__Data shown__.
----------------

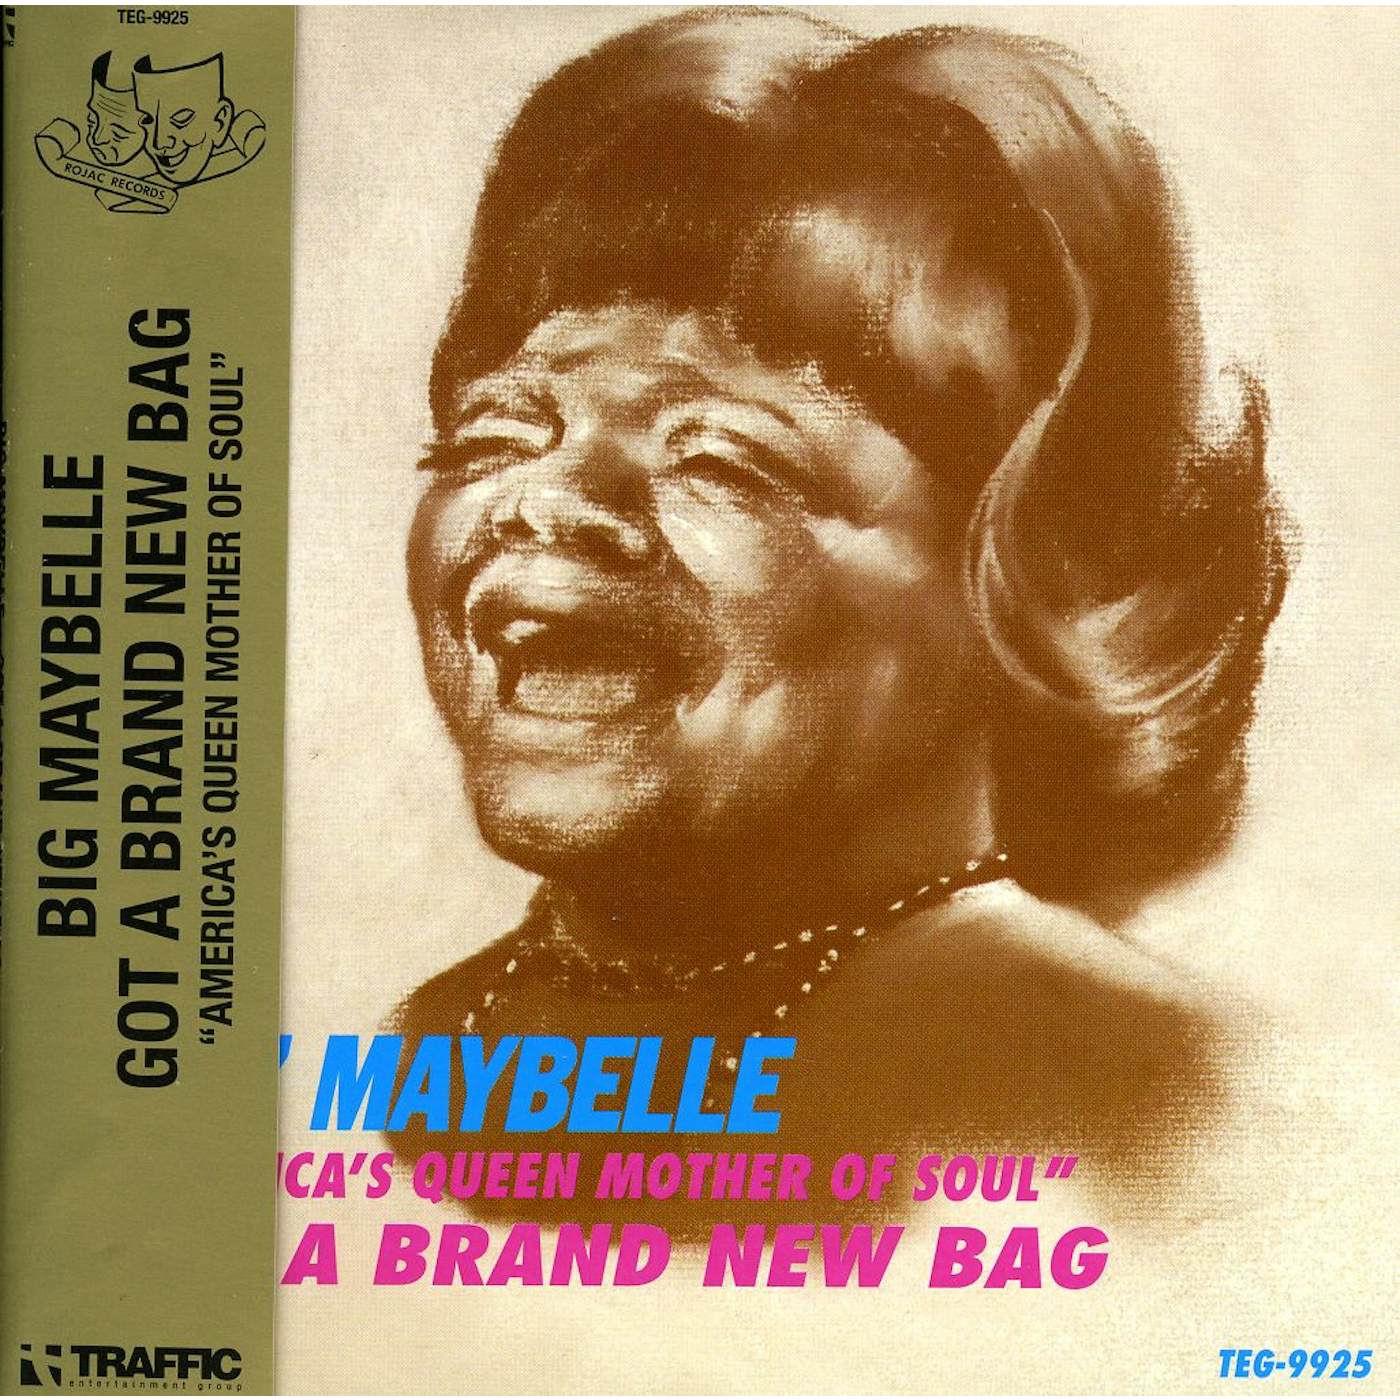 Big Maybelle GOT A BRAND NEW BAG CD
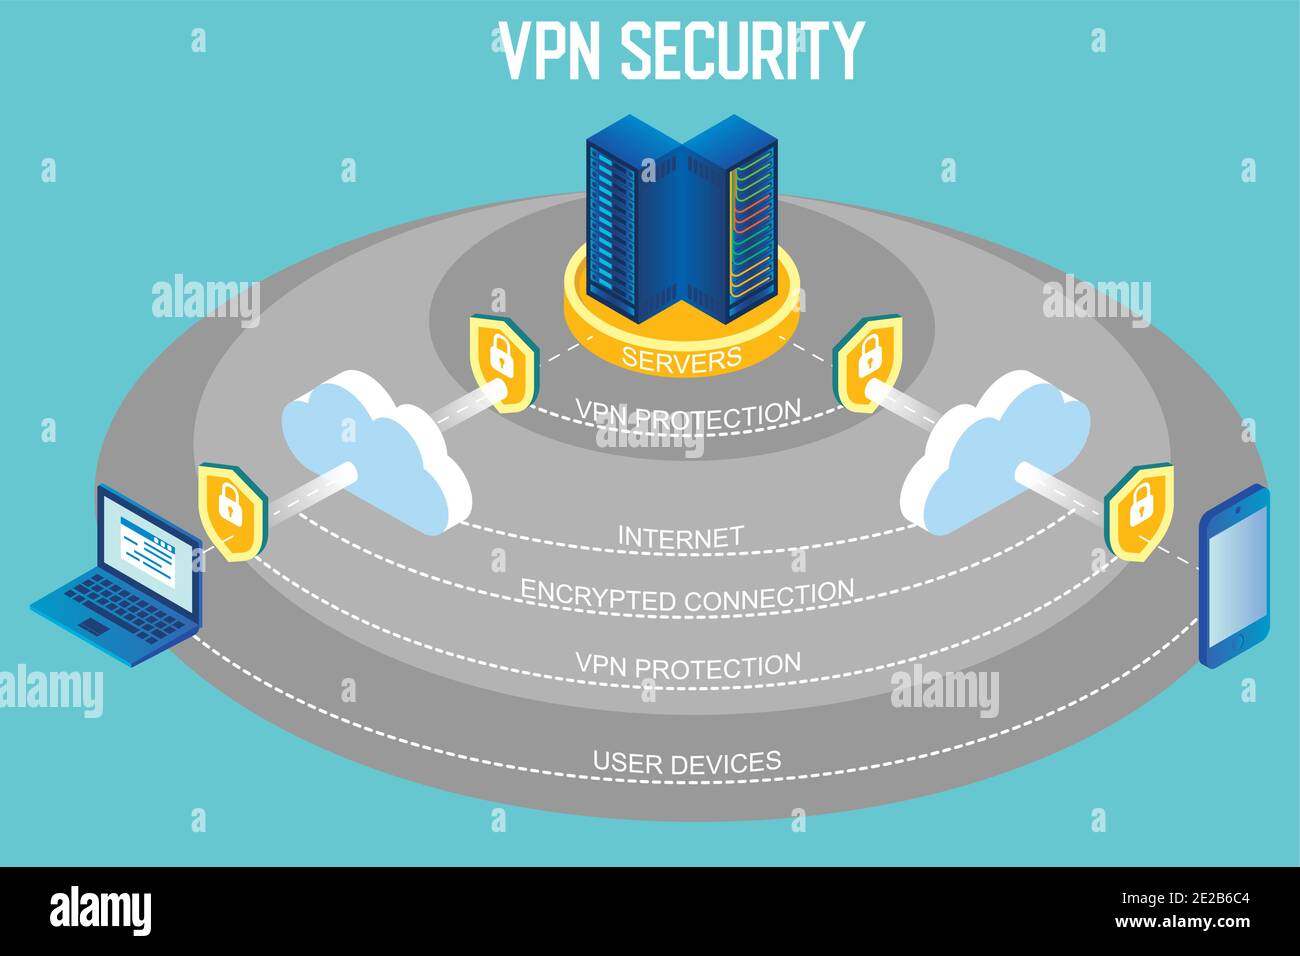 VPN security vector isometric infographic Stock Vector
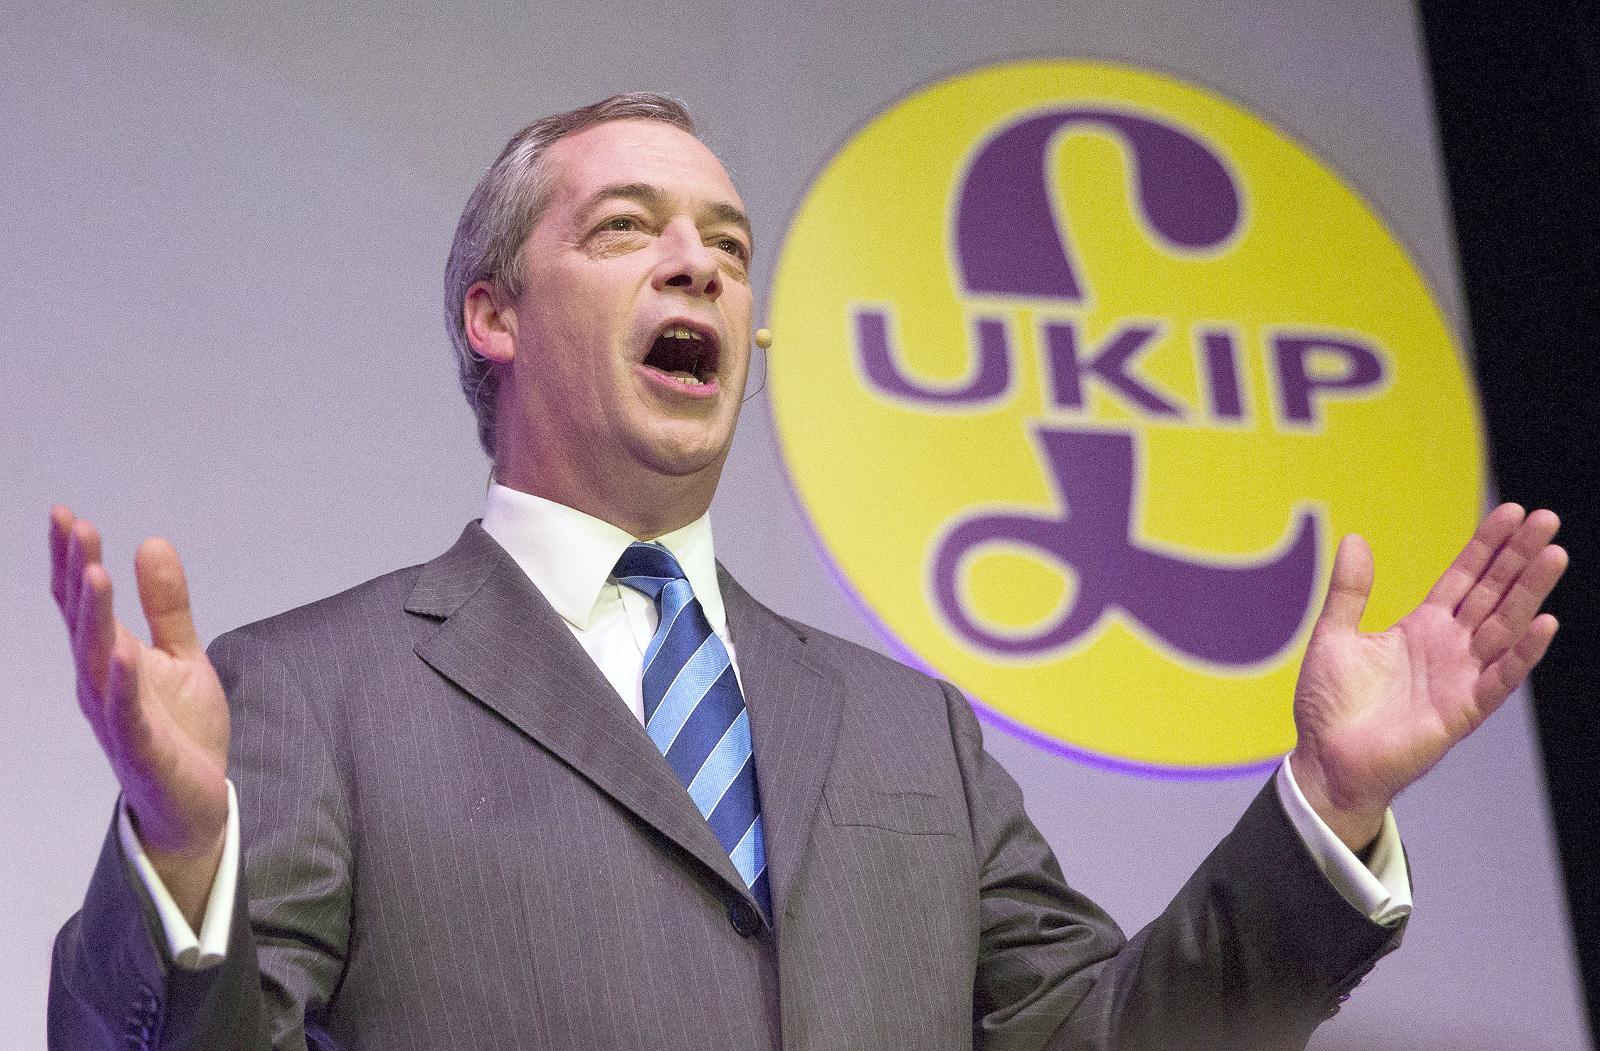 TREKKER SEG: Parlamentsmedlem Nigel Farage er leder for det EU-kritiske partiet UK Independence Party (UKIP). Nå trekker han seg.
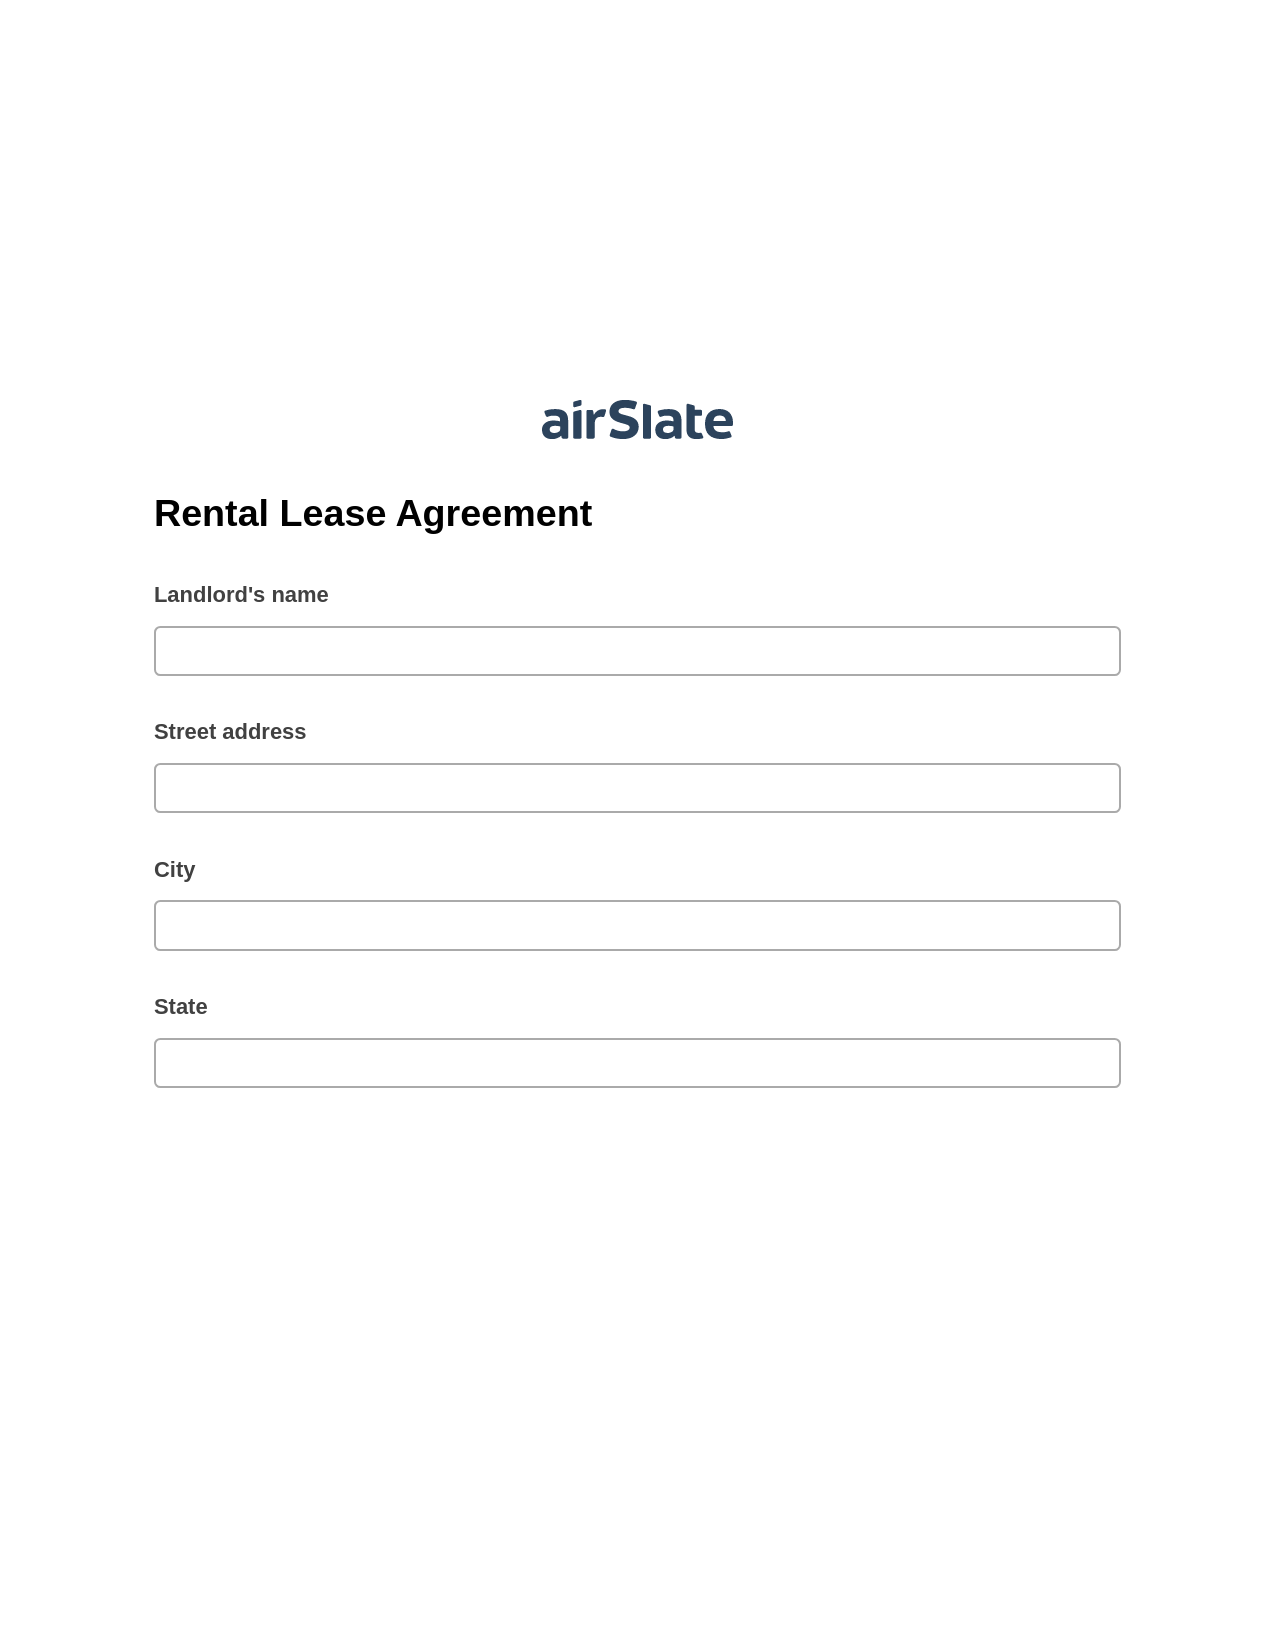 Rental Lease Agreement Pre-fill from MySQL Dropdown Options Bot, Create Slate every Google Sheet Update Bot, Export to Google Sheet Bot

----------------

__Task requirements__. Everything in the material goes into the copy exactly, except the images.

__Answer to this task__.
 Big Maybelle GOT A BRAND NEW BAG CD
 VPN security vector isometric infographic Stock Vector
 TREKKER SEG: Parlamentsmedlem Nigel Farage er leder for det EU-kritiske partiet UK Independence Party (UKIP). Nå trekker han seg.
 Rental Lease Agreement Pre-fill from MySQL Dropdown Options Bot, Create Slate every Google Sheet Update Bot, Export to Google Sheet Bot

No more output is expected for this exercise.